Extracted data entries
=-=-=
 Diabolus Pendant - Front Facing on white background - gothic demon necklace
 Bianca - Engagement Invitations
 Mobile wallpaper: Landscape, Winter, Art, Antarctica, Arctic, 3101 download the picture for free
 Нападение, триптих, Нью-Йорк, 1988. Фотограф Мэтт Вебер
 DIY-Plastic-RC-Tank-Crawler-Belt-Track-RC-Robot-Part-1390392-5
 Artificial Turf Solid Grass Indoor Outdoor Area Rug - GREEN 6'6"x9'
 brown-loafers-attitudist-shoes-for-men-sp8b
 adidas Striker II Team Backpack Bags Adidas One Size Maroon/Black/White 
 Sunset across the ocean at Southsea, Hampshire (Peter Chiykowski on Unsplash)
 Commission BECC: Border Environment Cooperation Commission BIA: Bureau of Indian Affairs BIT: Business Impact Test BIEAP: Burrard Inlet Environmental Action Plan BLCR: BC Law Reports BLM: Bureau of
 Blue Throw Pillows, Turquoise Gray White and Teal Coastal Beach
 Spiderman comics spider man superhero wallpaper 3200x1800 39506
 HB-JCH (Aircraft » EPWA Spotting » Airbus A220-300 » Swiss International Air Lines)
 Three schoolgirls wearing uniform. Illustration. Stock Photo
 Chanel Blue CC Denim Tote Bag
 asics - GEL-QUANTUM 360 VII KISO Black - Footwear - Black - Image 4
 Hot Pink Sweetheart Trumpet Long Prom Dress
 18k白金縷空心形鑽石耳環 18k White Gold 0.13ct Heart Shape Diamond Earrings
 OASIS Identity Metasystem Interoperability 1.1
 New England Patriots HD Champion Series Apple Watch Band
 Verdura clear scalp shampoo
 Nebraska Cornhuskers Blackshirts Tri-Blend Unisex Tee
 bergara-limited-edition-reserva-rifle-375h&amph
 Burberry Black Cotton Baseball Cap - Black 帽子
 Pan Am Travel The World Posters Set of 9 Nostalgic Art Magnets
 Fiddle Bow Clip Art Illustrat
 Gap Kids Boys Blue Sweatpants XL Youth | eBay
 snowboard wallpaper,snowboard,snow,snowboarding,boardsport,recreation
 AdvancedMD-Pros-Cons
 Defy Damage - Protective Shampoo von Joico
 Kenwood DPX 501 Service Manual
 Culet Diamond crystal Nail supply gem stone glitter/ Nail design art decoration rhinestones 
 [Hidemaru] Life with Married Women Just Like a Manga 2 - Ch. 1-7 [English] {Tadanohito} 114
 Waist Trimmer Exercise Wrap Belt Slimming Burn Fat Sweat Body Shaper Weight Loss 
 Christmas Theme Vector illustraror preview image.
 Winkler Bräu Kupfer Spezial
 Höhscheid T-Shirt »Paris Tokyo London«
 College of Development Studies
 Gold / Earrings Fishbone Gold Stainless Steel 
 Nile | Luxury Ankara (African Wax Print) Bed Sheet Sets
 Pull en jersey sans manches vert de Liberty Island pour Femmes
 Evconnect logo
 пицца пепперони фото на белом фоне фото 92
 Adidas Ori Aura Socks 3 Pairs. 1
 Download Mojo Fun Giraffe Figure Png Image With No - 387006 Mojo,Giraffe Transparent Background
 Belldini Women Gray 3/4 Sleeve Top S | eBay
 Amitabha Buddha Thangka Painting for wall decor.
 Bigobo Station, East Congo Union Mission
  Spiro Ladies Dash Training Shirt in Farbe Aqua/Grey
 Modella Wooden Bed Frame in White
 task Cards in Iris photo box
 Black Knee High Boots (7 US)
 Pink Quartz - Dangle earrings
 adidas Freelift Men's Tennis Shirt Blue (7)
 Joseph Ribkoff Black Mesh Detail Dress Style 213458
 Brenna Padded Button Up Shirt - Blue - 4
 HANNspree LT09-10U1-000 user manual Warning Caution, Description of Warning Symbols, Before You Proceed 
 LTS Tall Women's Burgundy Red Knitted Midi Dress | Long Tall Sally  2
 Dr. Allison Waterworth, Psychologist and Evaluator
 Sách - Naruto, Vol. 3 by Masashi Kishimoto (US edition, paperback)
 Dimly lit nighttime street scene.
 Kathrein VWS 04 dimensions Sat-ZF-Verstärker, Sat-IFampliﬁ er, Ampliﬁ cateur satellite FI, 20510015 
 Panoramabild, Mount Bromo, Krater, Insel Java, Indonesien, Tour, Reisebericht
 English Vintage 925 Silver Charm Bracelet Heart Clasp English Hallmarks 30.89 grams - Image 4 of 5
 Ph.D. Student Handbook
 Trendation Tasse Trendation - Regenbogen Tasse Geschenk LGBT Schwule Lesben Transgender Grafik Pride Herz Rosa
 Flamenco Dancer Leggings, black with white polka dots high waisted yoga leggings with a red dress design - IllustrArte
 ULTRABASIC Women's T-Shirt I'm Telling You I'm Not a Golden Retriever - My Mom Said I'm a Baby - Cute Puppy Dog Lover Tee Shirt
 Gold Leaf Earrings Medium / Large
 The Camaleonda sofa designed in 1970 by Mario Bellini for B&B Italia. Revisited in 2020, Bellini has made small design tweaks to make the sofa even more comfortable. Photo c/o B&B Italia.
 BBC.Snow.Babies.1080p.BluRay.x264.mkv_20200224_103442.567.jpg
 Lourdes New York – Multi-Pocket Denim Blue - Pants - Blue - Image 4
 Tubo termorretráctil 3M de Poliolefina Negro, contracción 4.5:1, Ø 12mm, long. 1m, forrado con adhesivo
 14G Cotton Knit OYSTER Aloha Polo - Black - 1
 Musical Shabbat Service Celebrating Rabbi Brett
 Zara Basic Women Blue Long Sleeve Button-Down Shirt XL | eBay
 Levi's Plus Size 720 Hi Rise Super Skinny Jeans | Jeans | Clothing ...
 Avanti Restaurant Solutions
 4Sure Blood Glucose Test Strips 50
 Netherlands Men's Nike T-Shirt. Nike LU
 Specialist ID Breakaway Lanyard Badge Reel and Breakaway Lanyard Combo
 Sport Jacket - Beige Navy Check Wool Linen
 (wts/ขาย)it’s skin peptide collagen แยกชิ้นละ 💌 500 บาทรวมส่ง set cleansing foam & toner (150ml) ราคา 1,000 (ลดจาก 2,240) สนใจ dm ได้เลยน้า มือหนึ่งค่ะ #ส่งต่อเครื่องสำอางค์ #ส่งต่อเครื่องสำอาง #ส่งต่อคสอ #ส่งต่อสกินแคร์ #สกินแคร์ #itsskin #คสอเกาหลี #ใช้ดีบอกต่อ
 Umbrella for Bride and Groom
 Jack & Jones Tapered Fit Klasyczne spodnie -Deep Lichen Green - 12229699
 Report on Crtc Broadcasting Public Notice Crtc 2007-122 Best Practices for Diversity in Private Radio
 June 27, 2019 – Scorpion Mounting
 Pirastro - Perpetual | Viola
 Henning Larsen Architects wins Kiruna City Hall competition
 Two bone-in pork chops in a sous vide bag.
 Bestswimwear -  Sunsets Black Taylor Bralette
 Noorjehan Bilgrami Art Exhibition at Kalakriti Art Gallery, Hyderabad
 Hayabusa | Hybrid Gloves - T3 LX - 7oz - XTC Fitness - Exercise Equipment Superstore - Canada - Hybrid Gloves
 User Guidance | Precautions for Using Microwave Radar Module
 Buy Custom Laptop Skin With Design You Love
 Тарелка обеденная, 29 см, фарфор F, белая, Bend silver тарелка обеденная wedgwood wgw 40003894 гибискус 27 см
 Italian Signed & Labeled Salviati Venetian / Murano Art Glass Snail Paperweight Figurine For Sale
=-=-=
How to complete this task
Return only the lines between the one holding "Three schoolgirls wearing" and the one holding "College of Development Studies", inclusive, exactly as they appear above.

Answer to the exercise
 Three schoolgirls wearing uniform. Illustration. Stock Photo
 Chanel Blue CC Denim Tote Bag
 asics - GEL-QUANTUM 360 VII KISO Black - Footwear - Black - Image 4
 Hot Pink Sweetheart Trumpet Long Prom Dress
 18k白金縷空心形鑽石耳環 18k White Gold 0.13ct Heart Shape Diamond Earrings
 OASIS Identity Metasystem Interoperability 1.1
 New England Patriots HD Champion Series Apple Watch Band
 Verdura clear scalp shampoo
 Nebraska Cornhuskers Blackshirts Tri-Blend Unisex Tee
 bergara-limited-edition-reserva-rifle-375h&amph
 Burberry Black Cotton Baseball Cap - Black 帽子
 Pan Am Travel The World Posters Set of 9 Nostalgic Art Magnets
 Fiddle Bow Clip Art Illustrat
 Gap Kids Boys Blue Sweatpants XL Youth | eBay
 snowboard wallpaper,snowboard,snow,snowboarding,boardsport,recreation
 AdvancedMD-Pros-Cons
 Defy Damage - Protective Shampoo von Joico
 Kenwood DPX 501 Service Manual
 Culet Diamond crystal Nail supply gem stone glitter/ Nail design art decoration rhinestones 
 [Hidemaru] Life with Married Women Just Like a Manga 2 - Ch. 1-7 [English] {Tadanohito} 114
 Waist Trimmer Exercise Wrap Belt Slimming Burn Fat Sweat Body Shaper Weight Loss 
 Christmas Theme Vector illustraror preview image.
 Winkler Bräu Kupfer Spezial
 Höhscheid T-Shirt »Paris Tokyo London«
 College of Development Studies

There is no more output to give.